The significance of serial histopathology in a residual mass for outcome of intermediate risk stage 3 neuroblastoma.

Author information

  • 1Department of Pediatrics, Children's Hospital Los Angeles, USC Keck School of Medicine, Los Angeles, California, USA. amarachelian@chla.usc.edu

Abstract

BACKGROUND:

To describe the serial histopathology of intermediate risk stage 3 neuroblastoma after chemotherapy, and correlate with residual mass at therapy completion and outcome.

PROCEDURE:

A retrospective review of intermediate risk stage 3 neuroblastoma patients treated 1989-2005 at Children's Hospital Los Angeles according to CCG 3881 or CCG 3961 protocols was performed, with central review of histopathology, radiology, and surgery.

RESULTS:

Eighteen patients treated per CCG 3881 (n = 9) or CCG 3961 (n = 9), with including 1 (n = 5), 2 (n = 9), ≥ 3 (n = 3), or unknown number (n = 1) of surgical procedures were included. At therapy completion, 10 patients had residual tumor: <10% original size (n = 3), >10% original size (n = 6) (5 MIBG avid; 4 with elevated catecholamines), and CT non-measurable MIBG avid tumor (n = 1).
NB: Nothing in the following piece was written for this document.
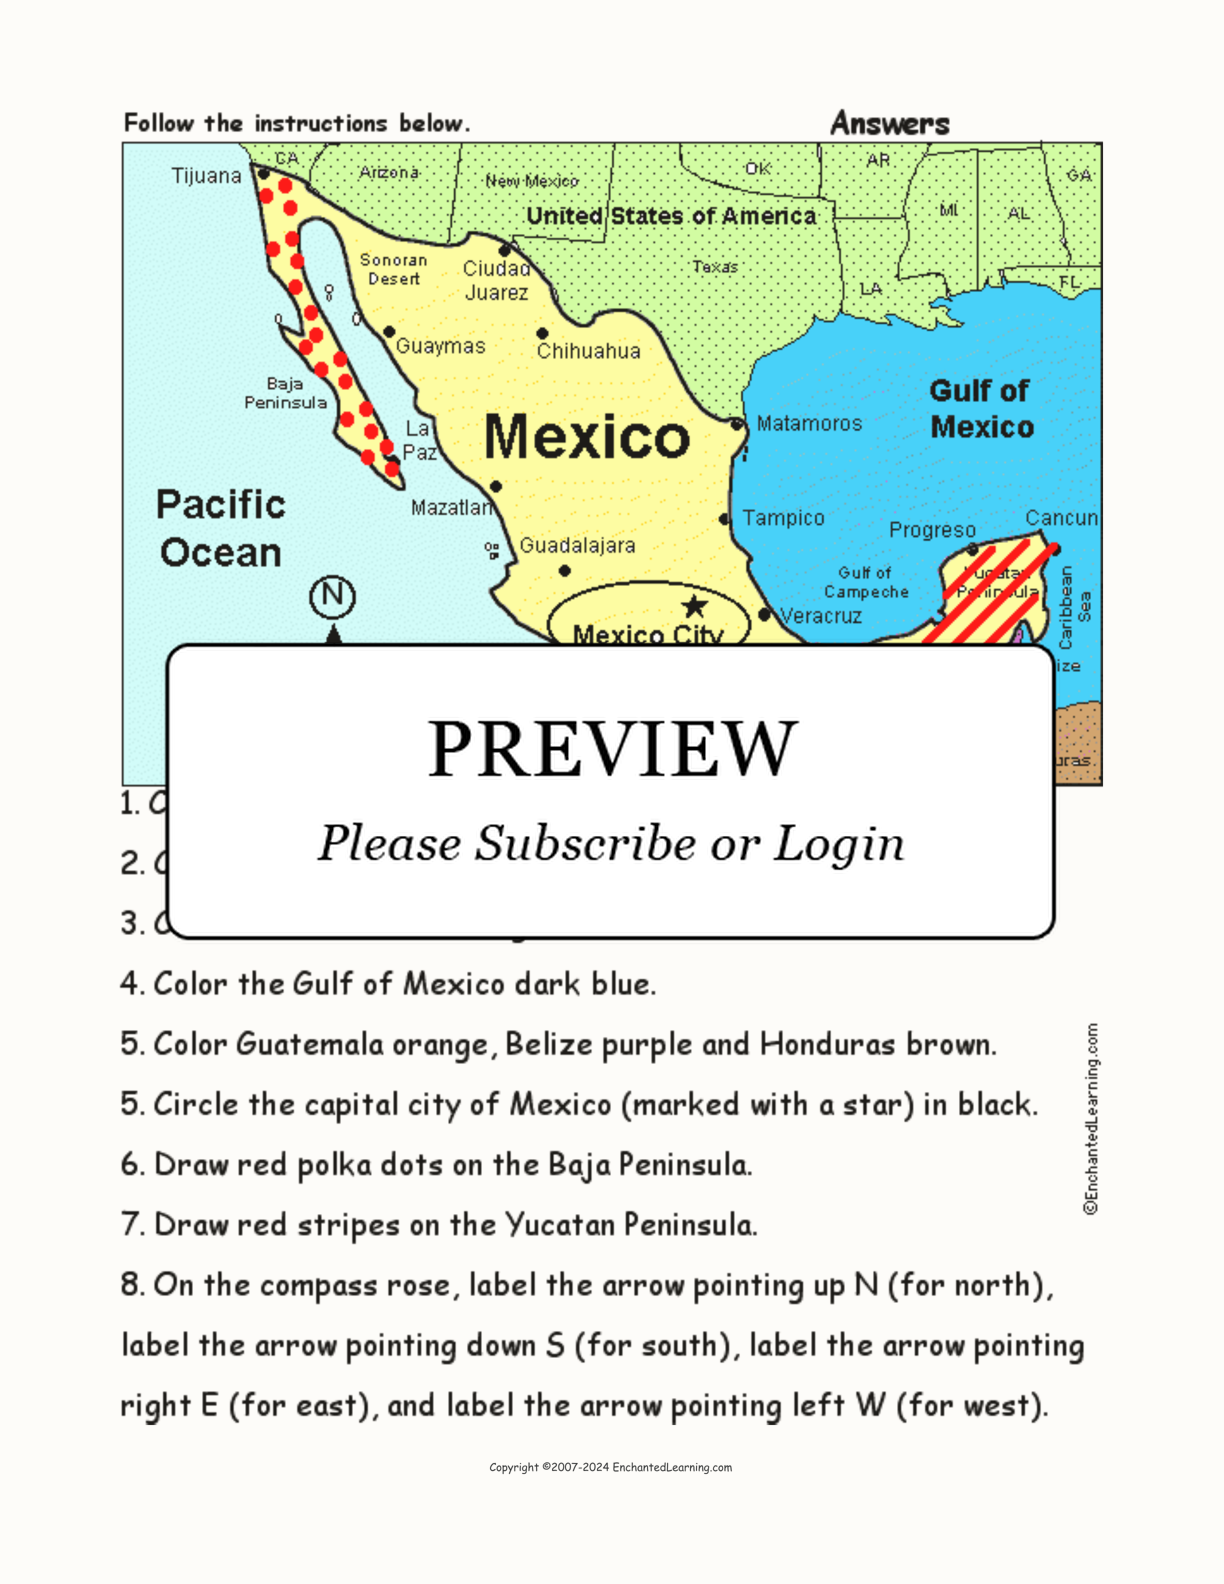 Mexico - Follow the Instructions interactive worksheet page 2
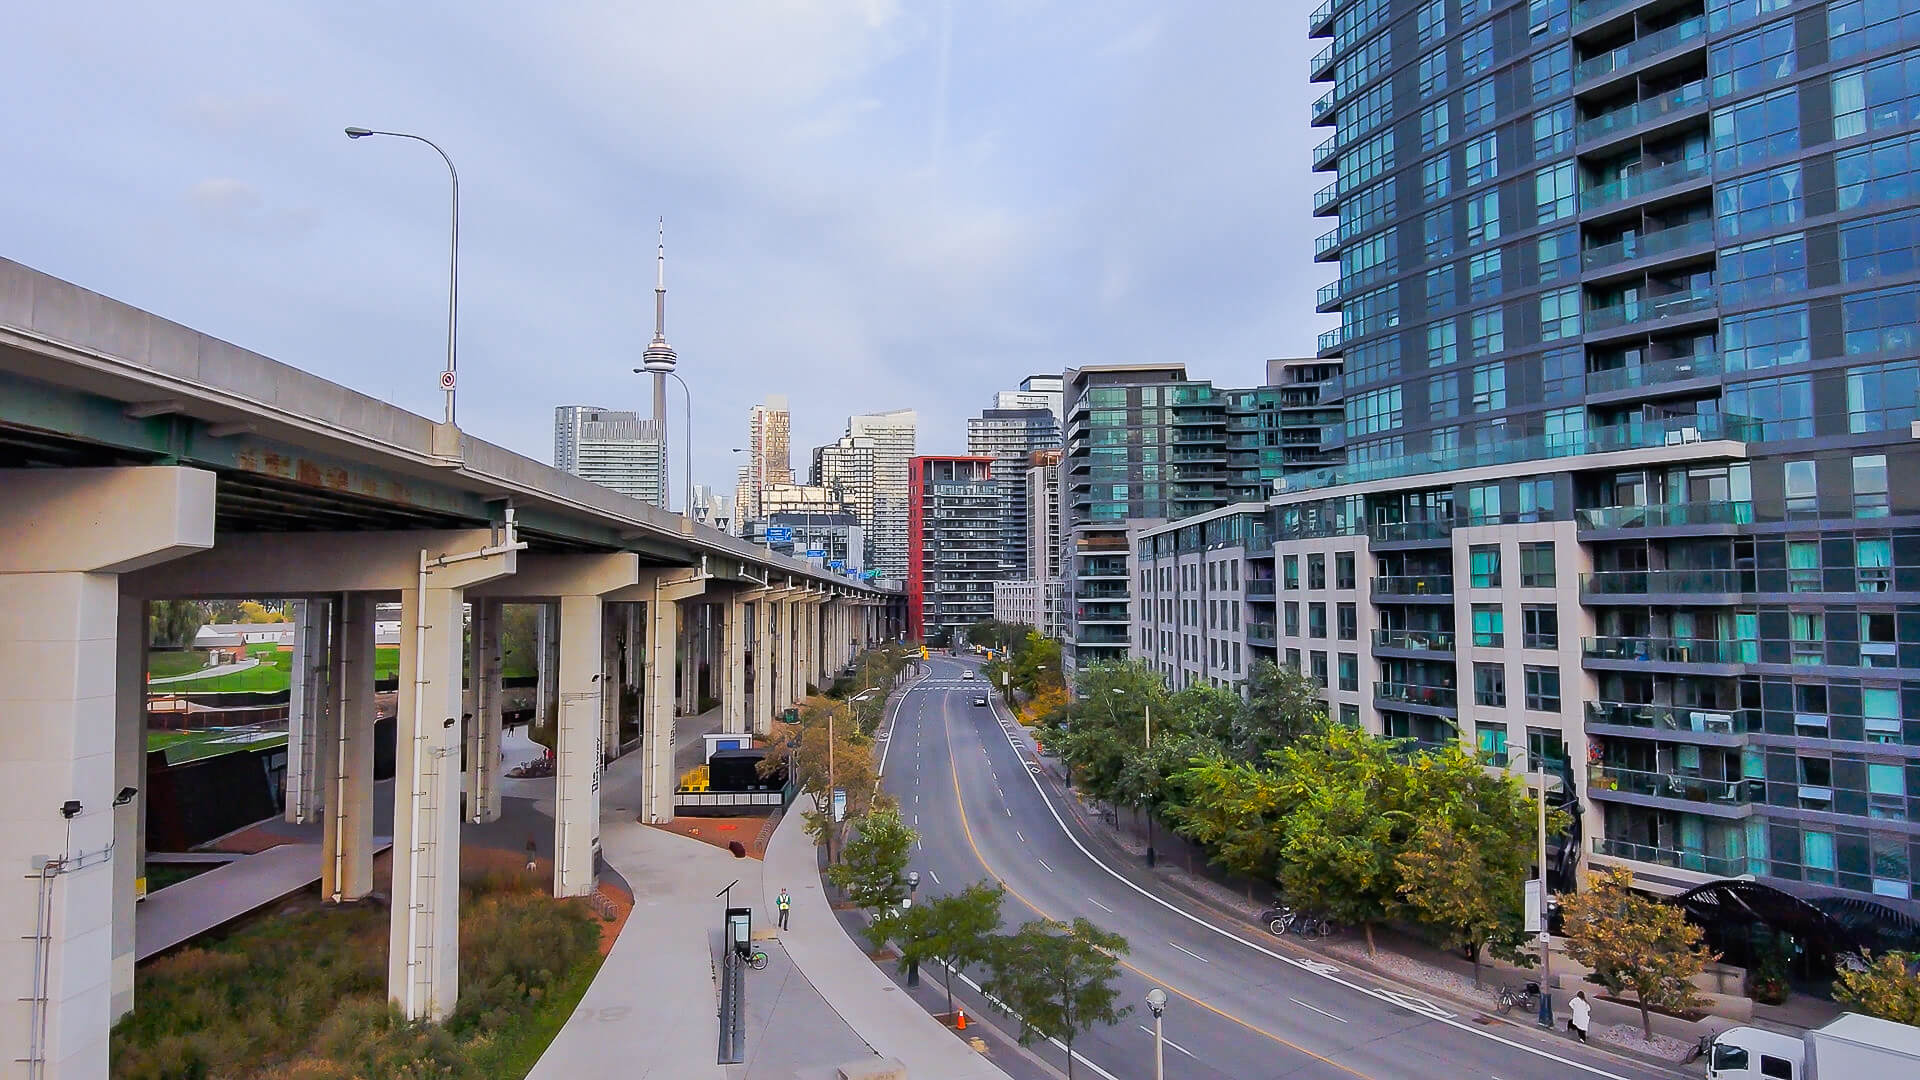 The Bentway, Toronto's public space project under an

Post-chemotherapy histology showed tumor regression (n = 4); or maturation with (n = 6) or without (n = 2) Schwannian development. Histologic changes correlated with median tumor shrinkage of 80% (regressing tumors) and <25% (maturing tumors). Tumor size increased in one patient with maturing tumor and Schwannian development. Overall survival was 100%.

CONCLUSION:

Post-chemotherapy histopathology of intermediate risk stage 3 neuroblastoma was characterized by regression or maturation. Persisting residual and maturing tumors were not associated with tumor progression, despite MIBG uptake and/or elevated catecholamines, supporting observation only. Histopathology should be obtained in future studies to confirm these findings, and guide length of chemotherapy.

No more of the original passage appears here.